By similar triangle:
[math]\sin \theta = \dfrac{a}{h - a} = \dfrac{r}{\sqrt{h^2 + r^2}}[/math]

[math]a\sqrt{h^2 + r^2} = r(h - a)[/math]
[math]a^2 (h^2 + r^2) = r^2 (h – a)^2[/math]
[math]a^2 h^2 + a^2 r^2 = h^2 r^2 – 2ahr^2 + a^2 r^2[/math]
[math]a^2 h^2 = (h – 2a)hr^2[/math]

[math]r^2 = \dfrac{a^2 h}{h - 2a}[/math]

Thus,
[math]V = \dfrac{\pi}{3} \left( \dfrac{a^2 h}{h - 2a} \right)h[/math]

[math]V = \dfrac{\pi a^2}{3} \left( \dfrac{h^2}{h - 2a} \right)[/math]

[math]\dfrac{dV}{dh} = \dfrac{\pi a^2}{3} \left[ \dfrac{(h - 2a)(2h) - h^2 (1)}{(h - 2a)^2} \right] = 0[/math]

[math]2(h – 2a)h - h^2 = 0[/math]
[math]2h – 4a - h = 0[/math]
[math]h = 4a[/math]

altitude of the cone = 4 × the radius of the sphere, a            answer

Another Solution:
For a circle inscribed in a triangle, its center is at the point of intersection of the angular bisector of the triangle called the incenter (see figure).

For the problem:
[math]V = \frac{1}{3}\pi r^2 h[/math]

From the figure:
[math]\tan \theta = a/r[/math]

[math]\tan 2\theta = h/r[/math]

[math]\dfrac{2\tan \theta}{1 - \tan^2 \theta} = \dfrac{h}{r}[/math]

[math]\dfrac{2(a/r)}{1 - a^2/r^2} = \dfrac{h}{r}[/math]

[math]\dfrac{2a)}{\dfrac{r^2 - a^2}{r^2}} = h[/math]

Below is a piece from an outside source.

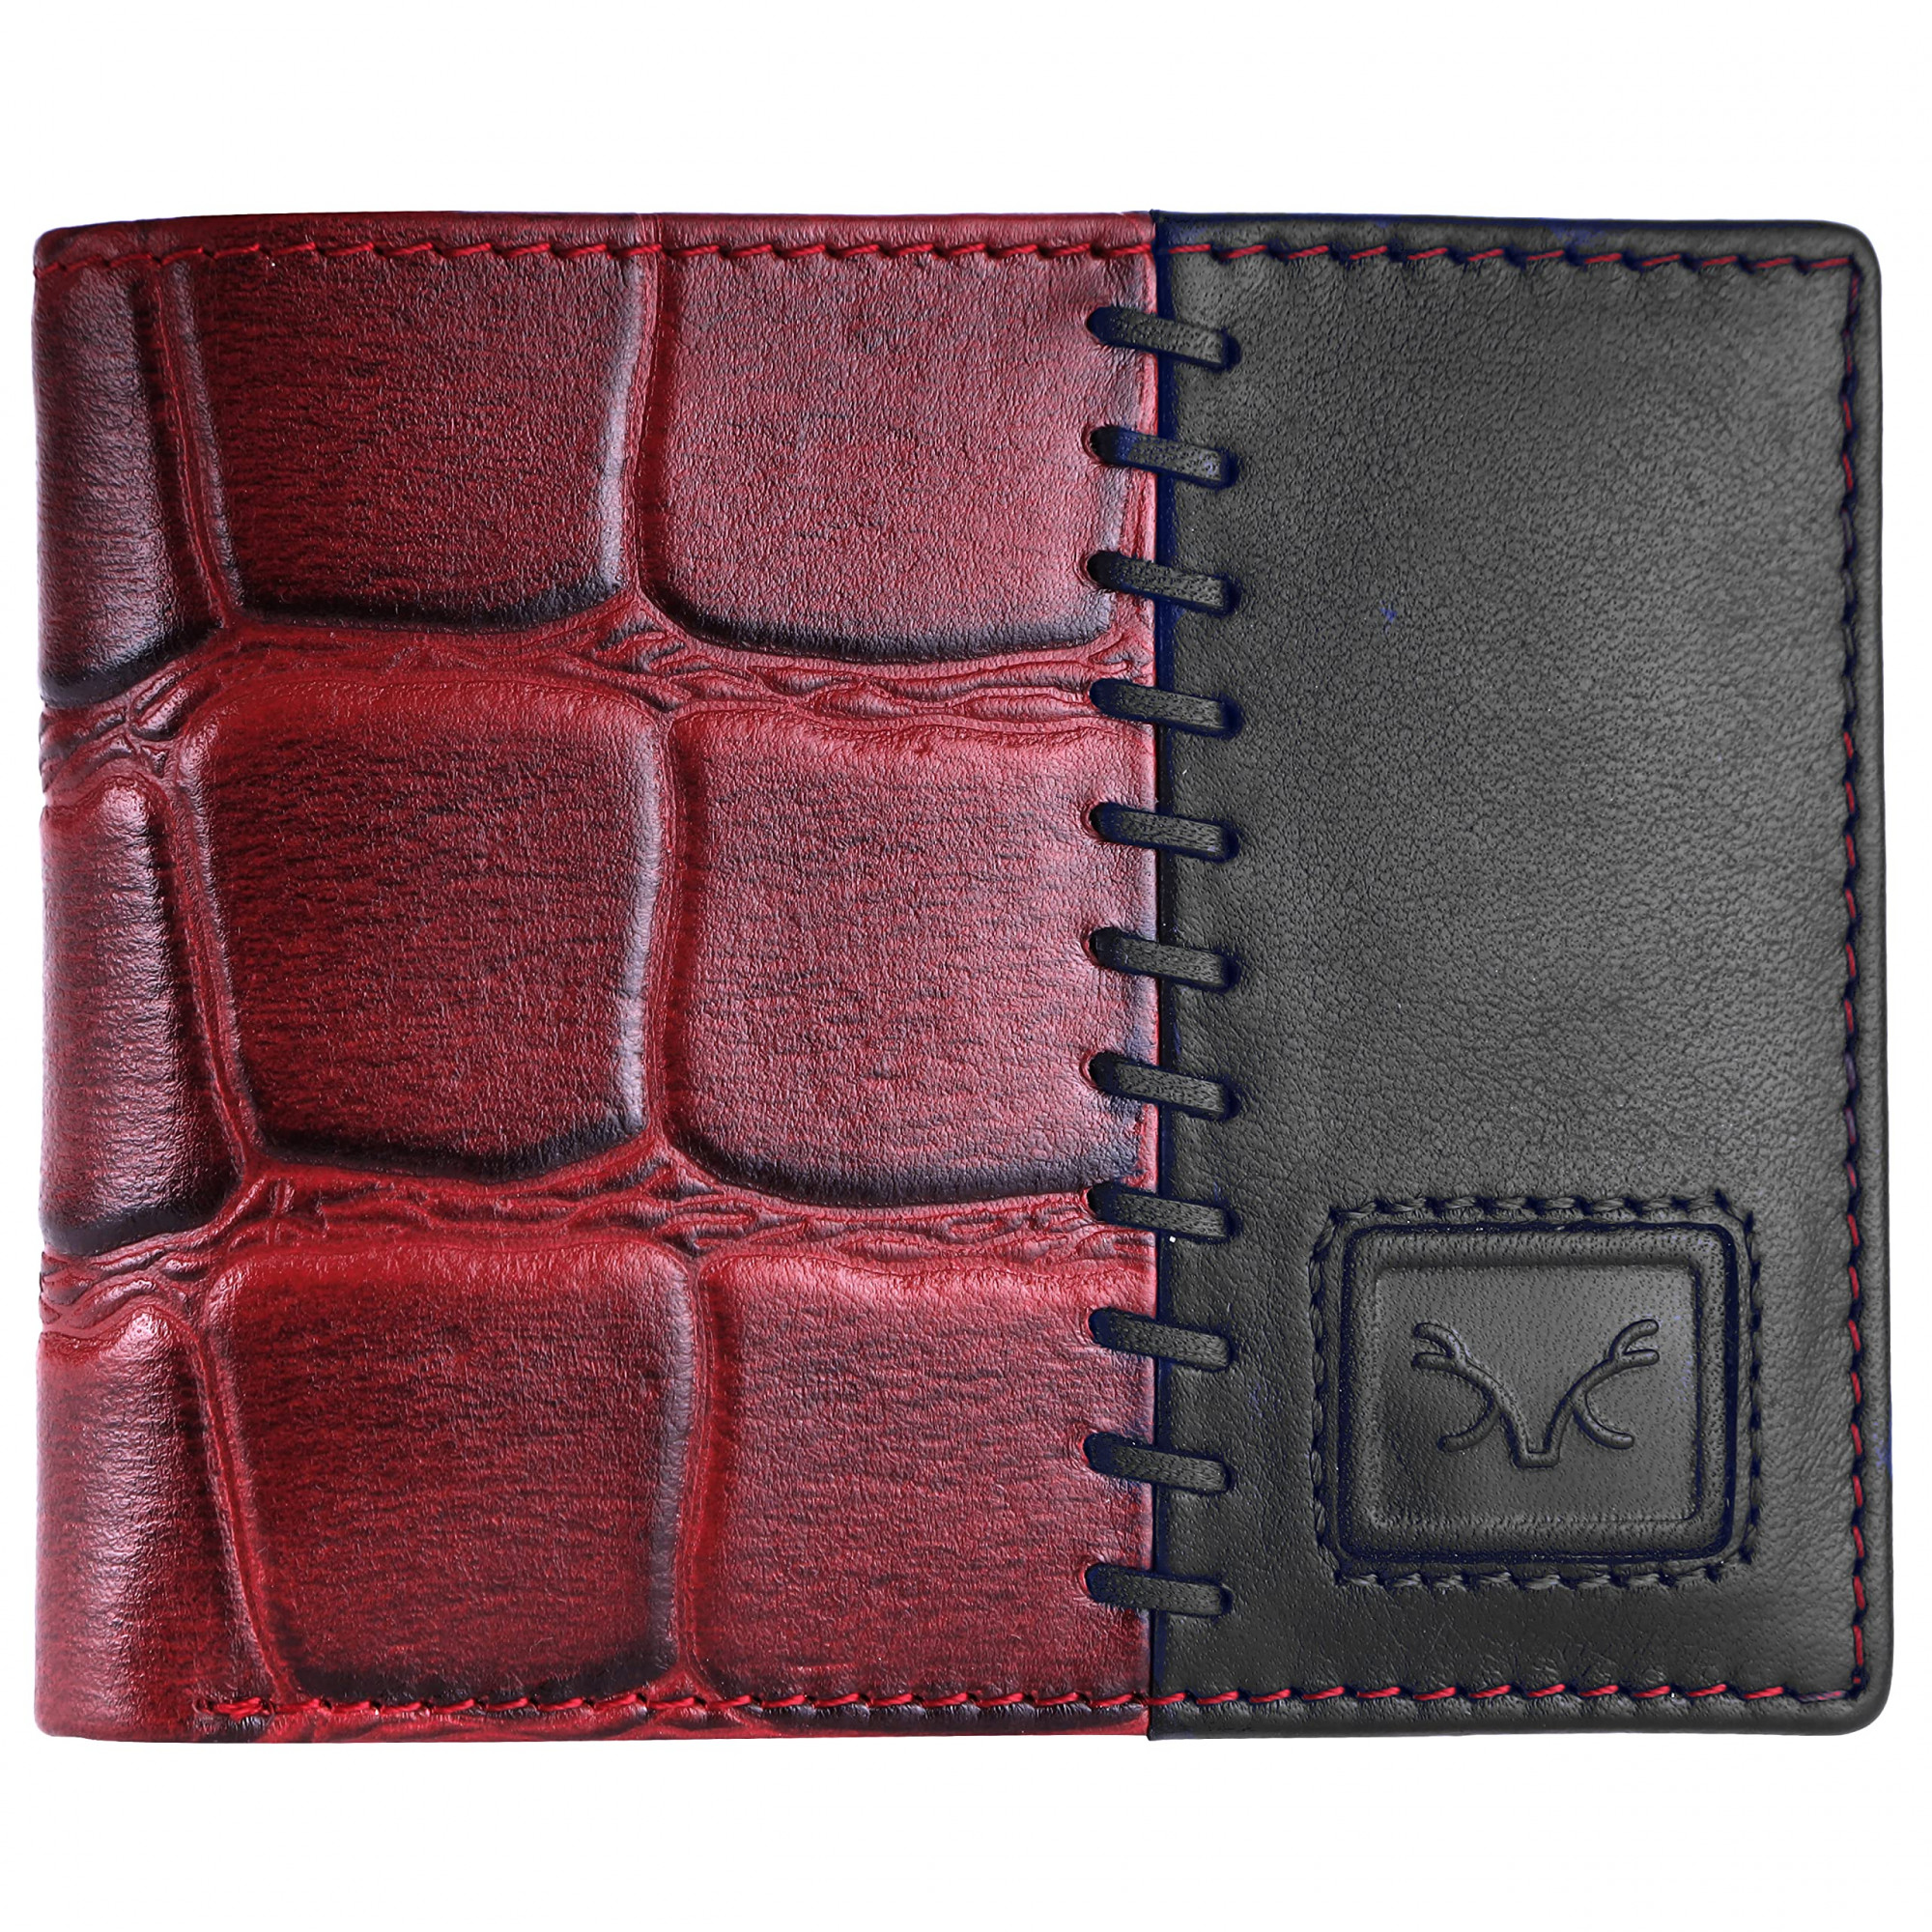 dv Leather wallet with coin purse and inside secret zip compartment - Black  | Wallets Online
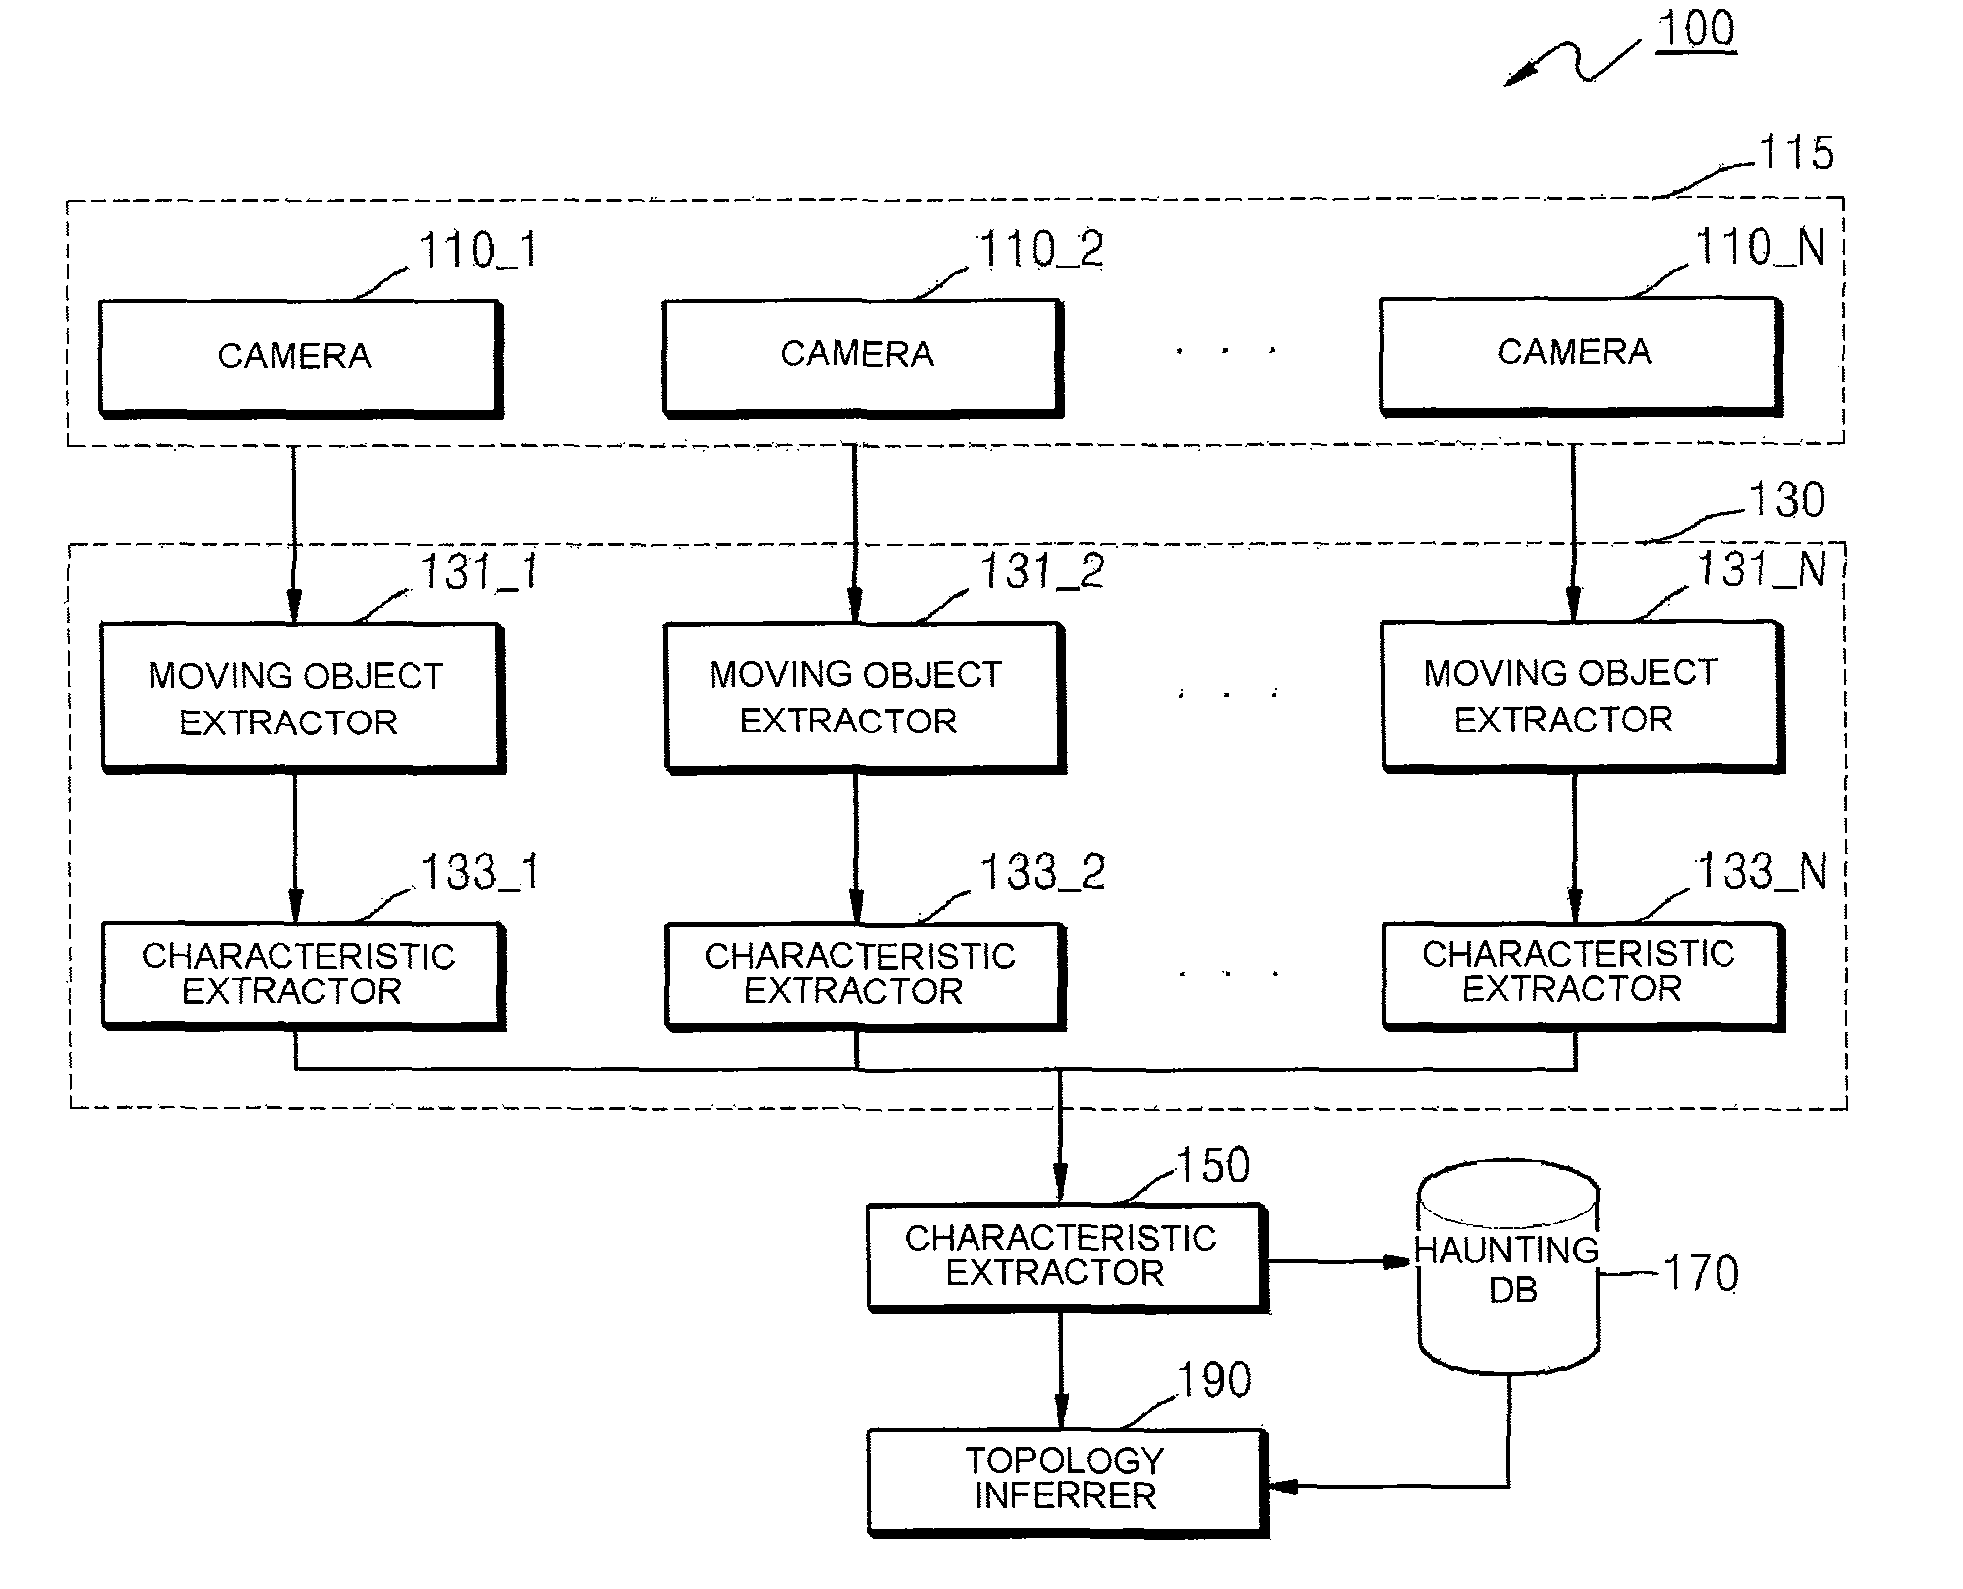 Apparatus and method for inferencing topology of multiple cameras network by tracking movement

[math]h = \dfrac{2ar^2)}{r^2 - a^2}[/math]

Thus,
[math]V = \frac{1}{3}\pi r^2 \left( \dfrac{2ar^2)}{r^2 - a^2} \right)[/math]

[math]V = \frac{2}{3}a \pi \left( \dfrac{r^4)}{r^2 - a^2} \right)[/math]

[math]\dfrac{dV}{dr} = \frac{2}{3}a \pi \left[ \dfrac{(r^2 - a^2)(4r^3) - r^4(2r)}{(r^2 - a^2)^2} \right] = 0[/math]

[math]4r^3(r^2 – a^2) – 2r^5 = 0[/math]
[math]2(r^2 – a^2) – r^2 = 0[/math]
[math]2r^2 – 2a^2 - r^2 = 0[/math]
[math]r^2 = 2a^2[/math]

[math]h = \dfrac{2ar^2}{r^2 - a^2}[/math]

[math]h = \dfrac{2a(2a^2)}{2a^2 - a^2}[/math]

[math]h = \dfrac{4a^3}{a^2}[/math]

[math]h = 4a \,\, [/math]            (ok!)